Alternatively, combined administration likely introduces a pharmacodynamic synergy. Zhang and colleagues
(20) demonstrated that 3 hours after administration of olanzapine, norepinephrine and dopamine concentrations in the rat prefrontal cortex returned to baseline values. With fluoxetine treatment, norepinephrine and dopamine levels increase to 188% and 143% of baseline values, respectively. However, when both drugs are given, norepinephrine and dopamine levels increase to 269% and 349% of baseline values, respectively. This suggests a neurochemical basis for the synergistic antidepressant effect observed in the present trial. The prefrontal cortex is rich in mesocorticolimbic dopamine innervation
(21–
23). Coupled with the well-chronicled role of norepinephrine in mood states
(24), this suggests potential targets for treating resistant depression.
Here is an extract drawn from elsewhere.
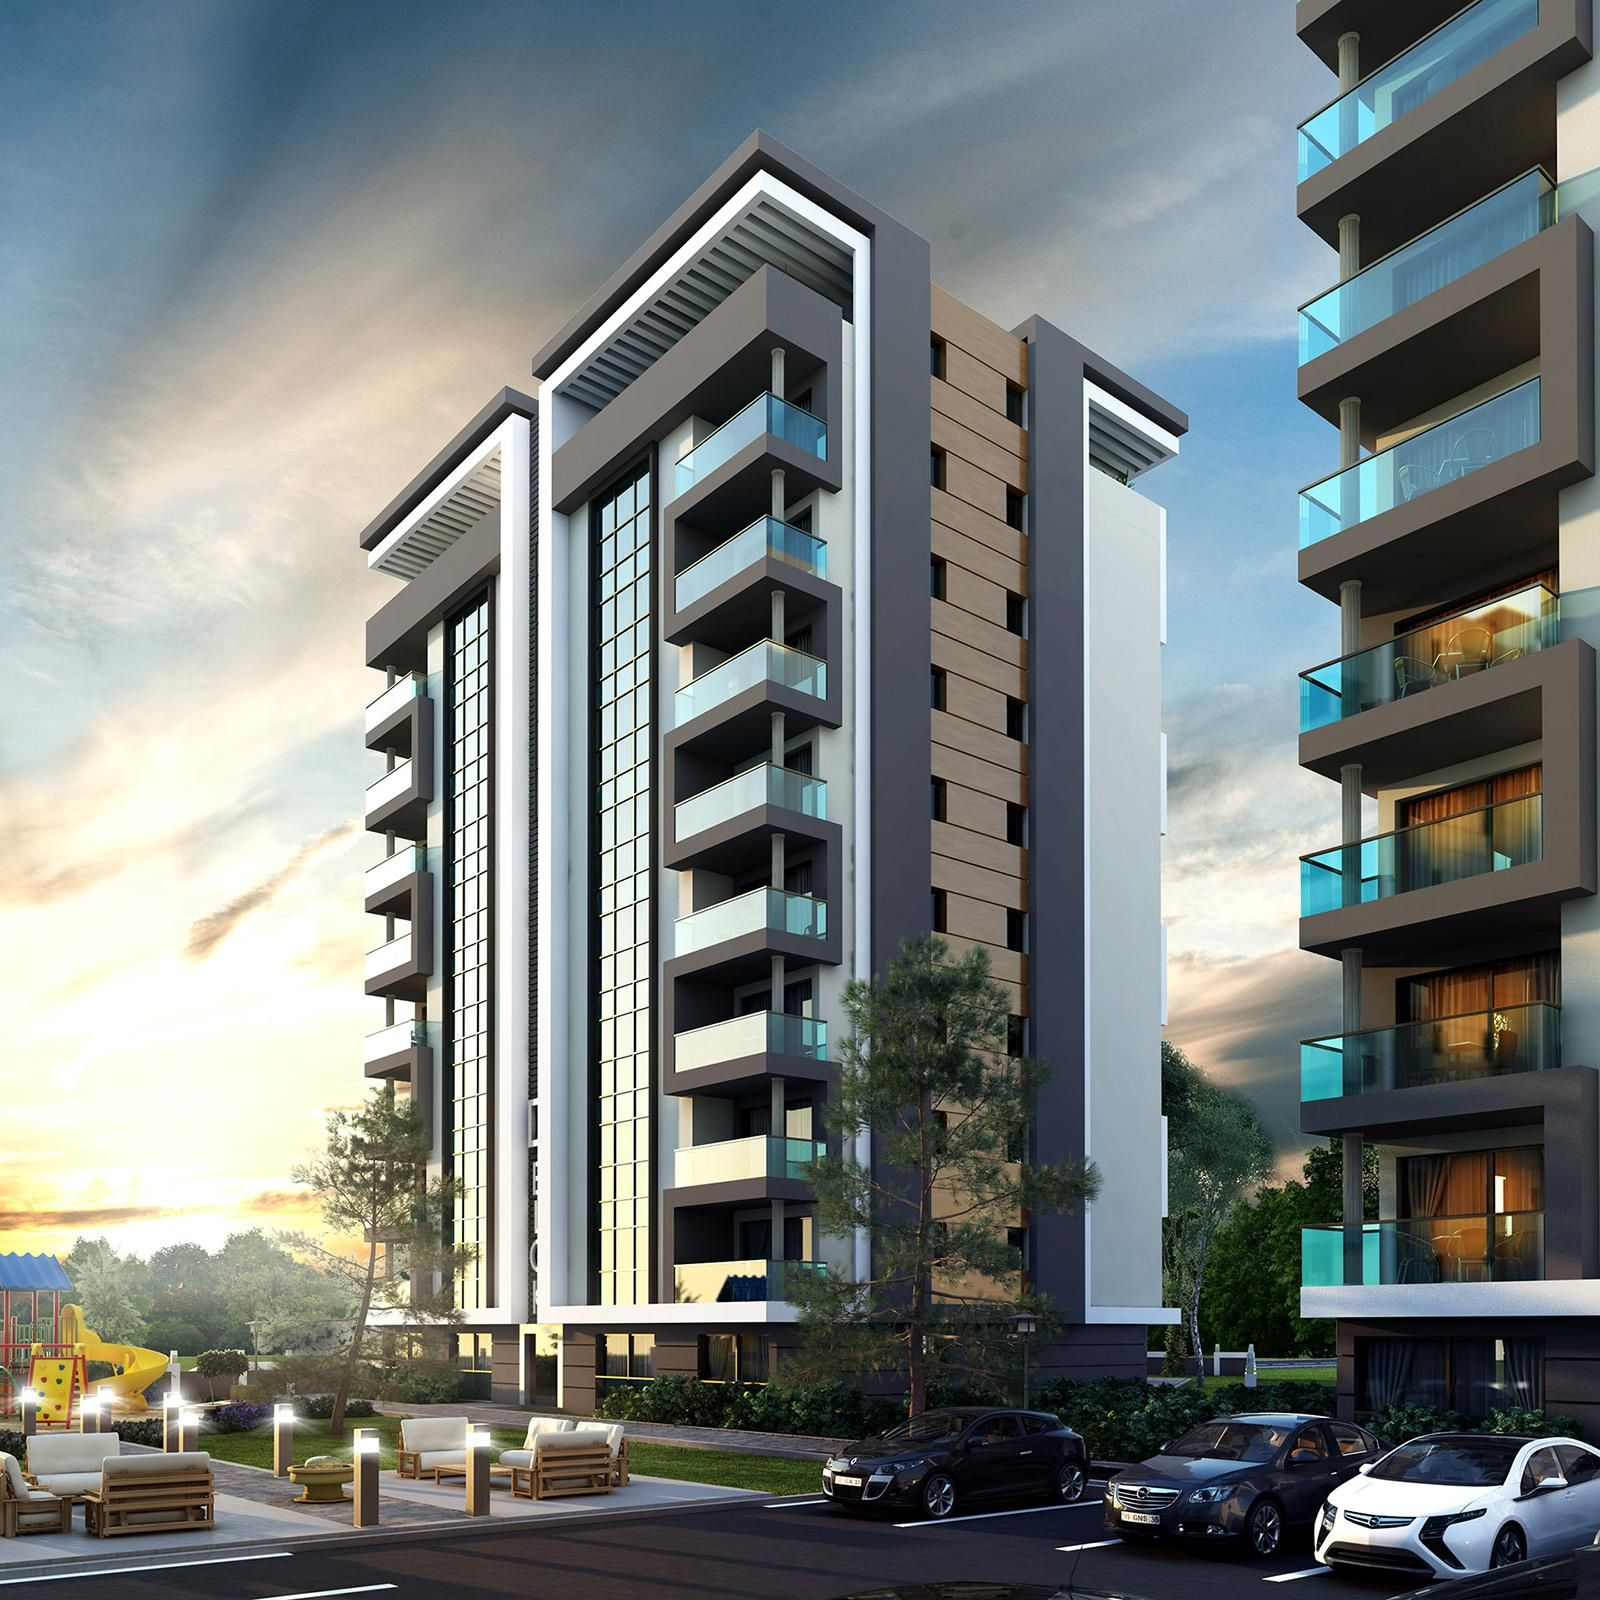 Alparslan Konutları Building Facade Exterior Elevation Residential Design

The antidepressant efficacy observed in the current study with the combined administration of olanzapine and fluoxetine is intriguing. The robust effect size and rapid onset of action suggest promise for this approach. Because of the small group size, these results should be considered preliminary. Nevertheless, considering the public health impact of treatment-resistant depression, these results and future treatment alternatives should be welcomed. To this end, we are currently conducting studies to investigate further the efficacy and safety of combined olanzapine and fluoxetine in the treatment of patients with refractory depression.